Он изломанно, словно во сне, опустился на колени, протянул непослушную, почти ледяную руку. Тело Ксении давно остыло и уже начало деревенеть, волосы на затылке слиплись от крови, подсохшей и взявшейся коркой, – удар был профессионален и точен. По прежнему замедленно, как в кошмарном сне, Сергей Романович отодвинулся, – тут же неподалеку лежала и Устинья Прохоровна, светлея маленьким старушечьим лицом, с растрепанными редкими волосенками, без своего обычного платочка на голове. И вторично он почти потерял сознание, затылок и глаза тронула нежная изморозь; он опоздал, и нужно было действовать молниеносно, здесь побывал кто то куда почище примитивного грабителя. Вдруг вспомнилась Мария Николаевна, ее последние слова, – пожалуй, назад через дверь ему уже не выйти, все уже перекрыто, можно было лишь выпрыгнуть из окна и подвести черту. И как это бывает в преддверии последнего шага, в нем тотчас сработал некий защитный механизм, вспыхнула и в одно мгновение высветилась вся прежняя, чуть ли не с пеленок, жизнь, и мать, и университет, и первая девушка, и пророчество отца Арсения, и страх Ксении… «Обол, Обол! – прозвенел в нем высокий, рвущийся незнакомый голос, хотя это беззвучно выкрикнул в запоздалом прозрении он сам. – Обол, сука!» И тогда в нем что то окончательно сместилось, на него рухнуло непривычное чувство полнейшего освобождения, и прежде всего от самого себя, – времени больше не оставалось, в любую минуту могли взломать дверь – он уже ощущал рядом присутствие чужой, враждебной силы, добычу уже затравили и теперь только ожидали удобного момента.

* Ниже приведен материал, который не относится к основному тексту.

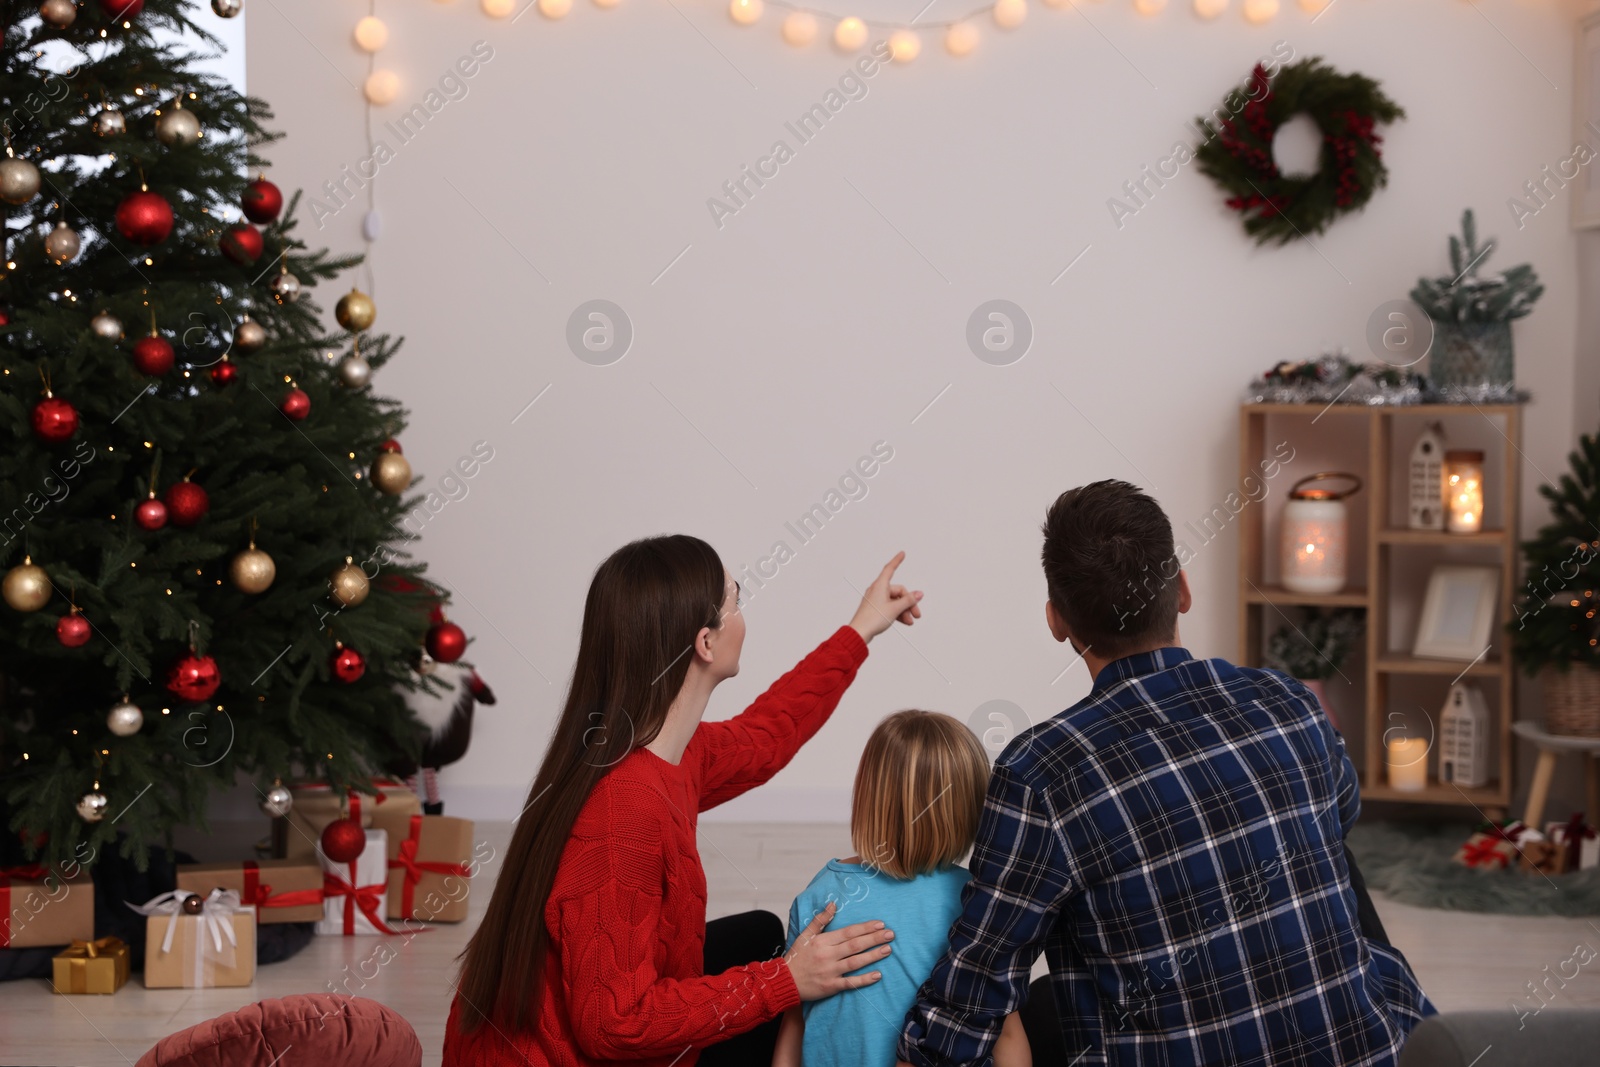 Photo of Family watching Christmas movie via projector in cosy room, back view. Winter holidays atmosphere

Почти парализованный, он все никак не решался сдвинуться с места; он чувствовал на себе застывший взгляд Ксении и непомерным, тупо отдавшимся в мозгу усилием воли встал, прошел в спальню, сорвал с кровати какое то покрывало и накинул его на убитых женщин. Ему сразу стало легче; не зажигая света, он прошел к старинному письменному столу в фонаре – здесь явно чего то искали и не успели привести все в надлежащий порядок. Отодвинув штору, он присмотрелся – на противоположной стороне улицы, неровно покачиваясь, горел фонарь, отбрасывая широкое пятно света на тротуар и на проезжую часть улицы, – было совсем безлюдно, город словно вымер. И тогда он спиной ощутил на себе неподвижный, уже знакомый взгляд и не обернулся. «Не смей! – сказал он себе. – Ты ведь и сам уже умер, тебе нельзя стало жить, и ты умер. Выполни последнее, а дальше…»
Сдерживаясь, он судорожно всхлипнул, он ведь даже и предположить не мог, что люди до такой степени подлы, – почти непреодолимое желание распахнуть окно и ринуться вниз захлестнуло его. Одно мгновение – и все кончится. Только они там за дверью, на лестничной площадке, пожалуй, именно этого и ждут; от неожиданного слепого всплеска ненависти у него задергались губы. Нет, сказал он себе, такого подарка они не получат, память единственной настоящей женщины, встретившейся ему в жизни, он не осквернит и не даст осквернить, он пройдет все до конца. За что они так, что они с Ксенией сделали…
Он стал лихорадочно ощупывать старинный стол со множеством ящичков, декоративно отделанных затейливой резьбой по красному и черному дереву; он почти сразу нащупал нужную деталь, нажал на еле заметный даже на ощупь выступ и сразу же услышал тихое шуршание в тайном и темном чреве стола, и в еще более сгустившейся тишине прозвучала уже знакомая музыка. Сергей Романович, оскаливаясь, страшно улыбнулся: вывернувшийся откуда то из нижней части стола тайник был пуст – правда, бархатный футляр был на месте, но сам черный камень исчез.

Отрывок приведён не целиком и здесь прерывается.